The valve seat 12 is connected to the valve body 11, and a plurality of communication ports 120 are opened in the valve seat 12. As shown in fig. 7, the valve seat 12 has a second engagement surface 126 and a third engagement surface 127, the electromagnetic generating unit 3 is housed in the valve seat 12, the second reference surface 315 of the coil unit 31 and the second engagement surface 126 of the valve seat 12 are bonded to each other, and the third reference surface 333 of the core 33 and the third engagement surface 127 of the valve seat 12 are bonded to each other, so that the valve seat 12 can be accurately attached.

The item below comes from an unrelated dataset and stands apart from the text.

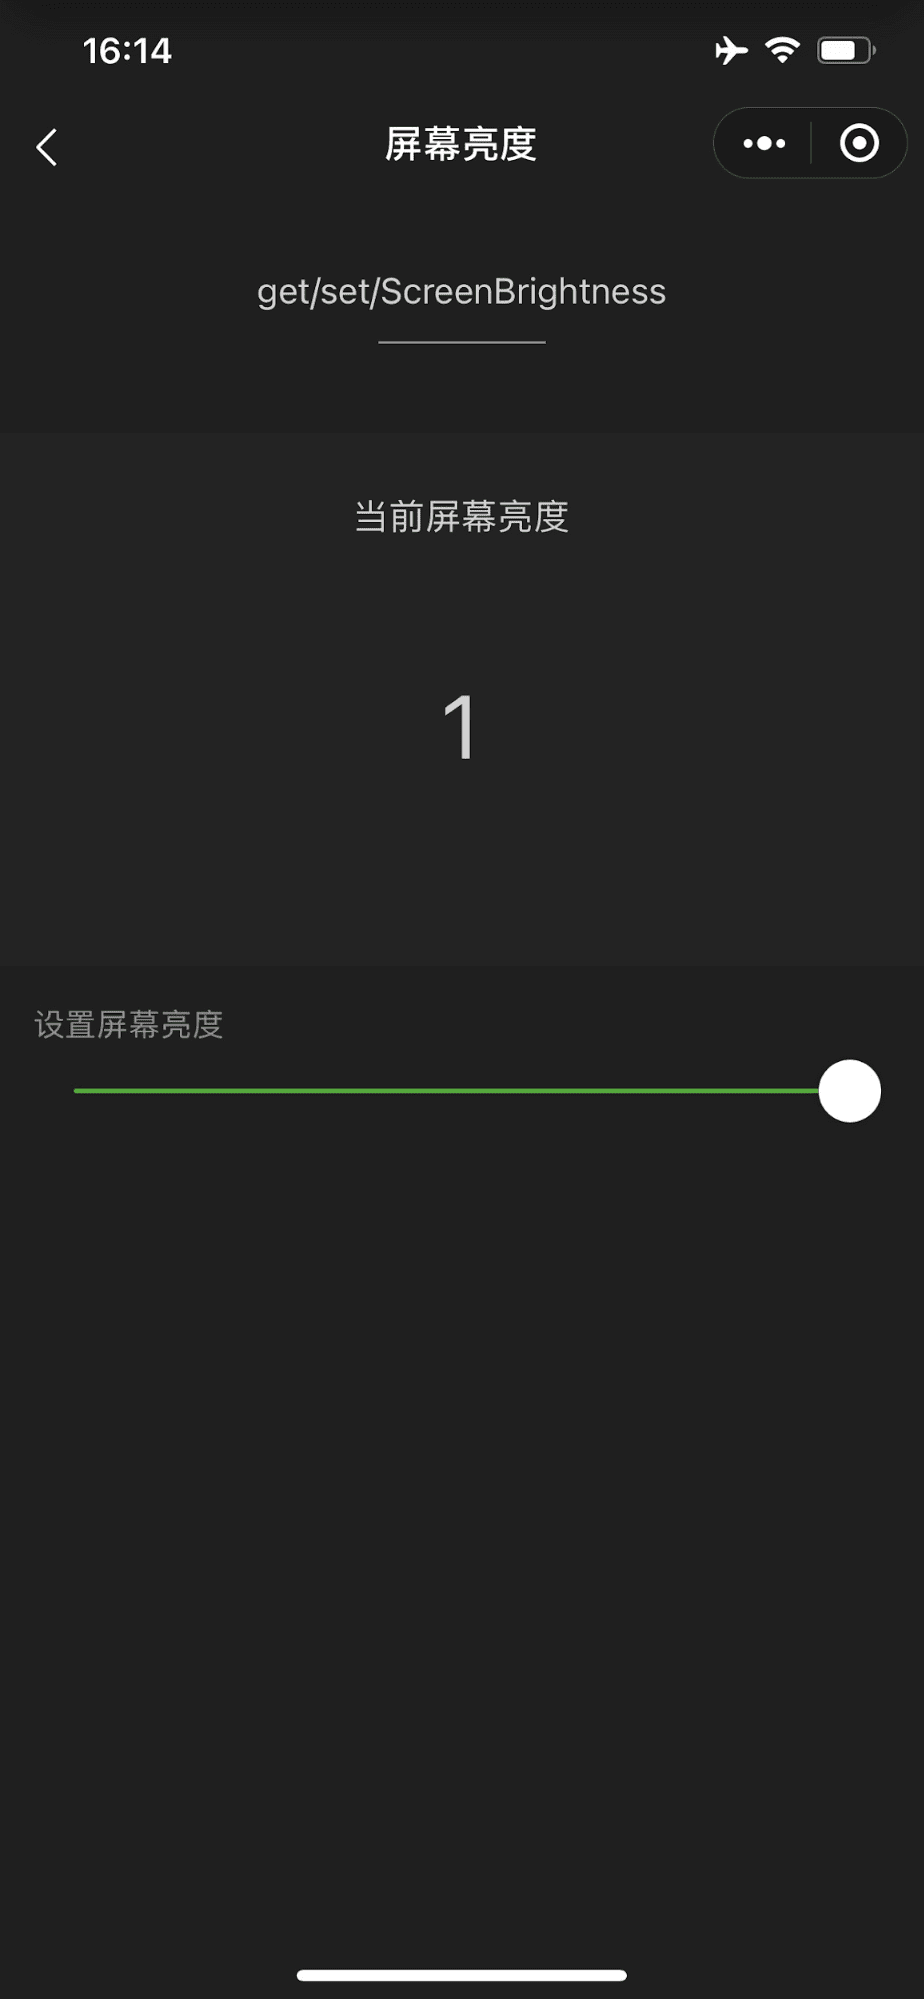 The WeChat demo mini app showing a slider that controls the screen brightness of the device moved all the way to the maximum.

Specifically, the method comprises the following steps: one end of the valve seat 12 is connected with the valve body 11, a first cavity 121, a second cavity 122 and a third cavity 123 are arranged in the valve seat 12, the first cavity 121 is communicated with the second cavity 122 through a first passage 124, the second cavity 122 is communicated with the third cavity 123 through a second passage 125, an opening of the first cavity 121 faces one end of the valve seat 12, and an opening of the third cavity 123 faces the other end of the valve seat 12; the first cavity 121 includes a first stepped hole 1211, a second stepped hole 1212 and a third stepped hole 1213 which are directly connected in sequence, an opening of the first stepped hole 1211 faces the valve body 11, a hole diameter of the first stepped hole 1211 is larger than a hole diameter of the second stepped hole 1212, and a hole diameter of the second stepped hole 1212 is larger than a hole diameter of the third stepped hole 1213; the size of the first stepped hole 1211 matches with the size of the left bobbin 3111, the size of the second stepped hole 1212 matches with the size of the protrusion 331 of the core 33, the boss 3110 of the bobbin 311, and the size of the third stepped hole 1213 matches with the size of the other end of the core 33; as shown in fig. 7, the bottom surface of the first stepped bore 1211 forms the second mating surface 126, and the bottom surface of the second stepped bore 1212 forms the third mating surface 127.

The plurality of communication ports 120 in the valve seat 12 specifically include a first communication port 1201, a second communication port 1202, and a third communication port 1203, as shown in fig. 4 and 6, the first communication port 1201 is formed in a side wall of the first cavity 121, specifically, a side wall near the bottom of the third stepped hole 1213, the first communication port 1201 is formed in a plurality, and the plurality of first communication ports 1201 are distributed around the circumferential direction of the valve seat 12; the second communication port 1202 is formed in the side wall of the second cavity 122, and the second communication ports 1202 are formed in plural numbers, and the plural second communication ports 1202 are distributed around the circumferential direction of the valve seat 12; the third communication port 1203 is opened at an end portion of the third cavity 123, that is, the third communication port 1203 is located at the other end of the valve seat 12.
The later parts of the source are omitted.